At the time of Leah’s death, Samyama had been a part of my life for seven years.
It wasn’t a practice that I turned to daily; it was there when I needed a little more assistance contacting to my feelings.
I didn’t realize at the time that Samyama would be my lifeline as I began meeting my grief.
Even though I did not have a daily Samyama practice over 20 years ago, I did know the power of the practice. Samyama helped me to begin to shift anger for the first time. I grew up pushing anger down. It wasn’t allowed in my family. My anger would erupt in rage when it could no longer be contained. These eruptions happened when I least expected them and at inopportune moments.
I have done lots of work with anger over the years, with limited results. Samyama allowed me to meet anger for the first time in a safe space. From this safe space I was able to fully feel my anger and allow it to begin to shift. After a few months, I got to the root of my anger. As my heart held all those old feelings, the anger was gradually transmuted, shifted, and released.
These days when I feel anger it is about something that occurred in the last few days, or weeks, not 30 or 40 years ago. I now know how to meet anger, (and all my feelings) and they aren’t pushed down until they can no longer be contained.
What a relief I felt when anger and rage were no longer controlling my life. This experience with anger showed me the subtle power of Samyama.

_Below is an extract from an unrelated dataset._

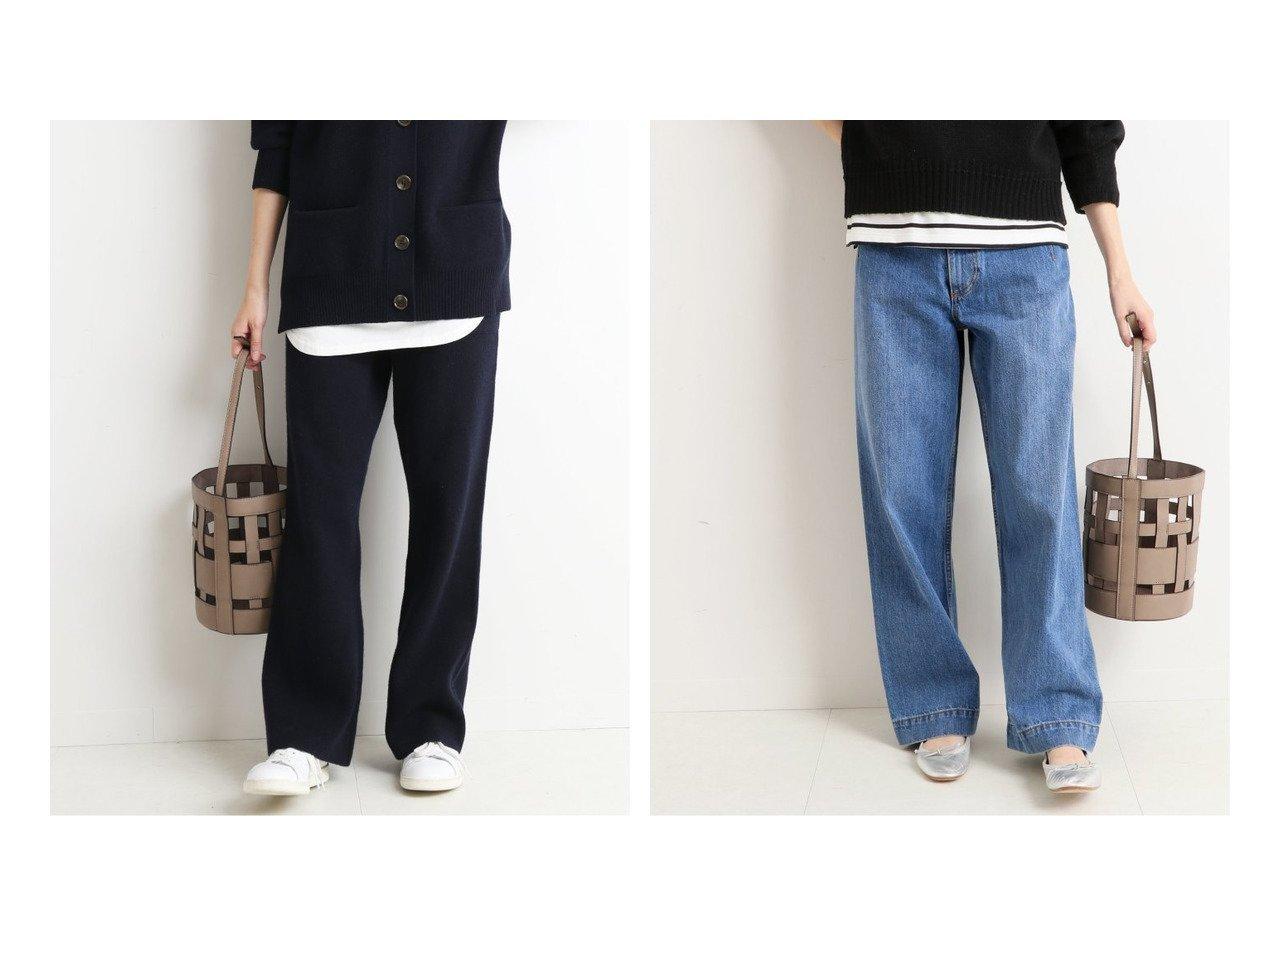 【SLOBE IENA/スローブ イエナ】のEyreスムースニットパンツ&《追加2》LE DENIM バギーパンツ パンツのおすすめ!人気、トレンド・レディースファッションの通販 おすすめで人気の流行・トレンド、ファッションの通販商品 メンズファッション・キッズファッション・インテリア・家具・レディースファッション・服の通販 founy(ファニー) https://founy.com/ ファッション Fashion レディースファッション WOMEN パンツ Pants 2020年 2020 2020-2021 秋冬 A/W AW Autumn/Winter / FW Fall-Winter 2020-2021 A/W 秋冬 AW Autumn/Winter / FW Fall-Winter インディゴ デニム ルーズ 再入荷 Restock/Back in Stock/Re Arrival イタリア リラックス 防寒 |ID:crp329100000012865

When I was ready to begin to meet the painful feelings of grief, I was instinctively drawn to Samyama. I began working with my own Samyama Practitioner. She was able to hold space for me to go deep into my feelings.
I began to unravel the stories that were intertwined with my feelings; the stories that kept spinning in my head and wouldn’tlet me sleep or rest. The stories that threatened to devour me and keep my heart locked tight, so I didn’t have to feel the pain of my daughter’s death.
As I began to open my heart to my feelings, I discovered that it could hold all of them.
Even today, I can’t wrap my head around the fact that Leah is no longer here physically. It’s only when I bring my feeling to my heart and allow it to hold whatever shows up in each moment that I can get a glimmer of peace. As that glimmer grows, it eventually spreads from my heart to every cell of my body, and I’m once again reconnected to my soul’s purpose. I’m once again connected to myself, and my reason for being here in this lifetime.
Another gift of my grief journey was showing me the power of Samyama, and how it can help with daily disappointments or concerns. Today I do have a daily Samyama practice. Samyama not only helps with difficult feelings, but it also helps me meet whatever arises in each moment, the full spectrum of all my feelings.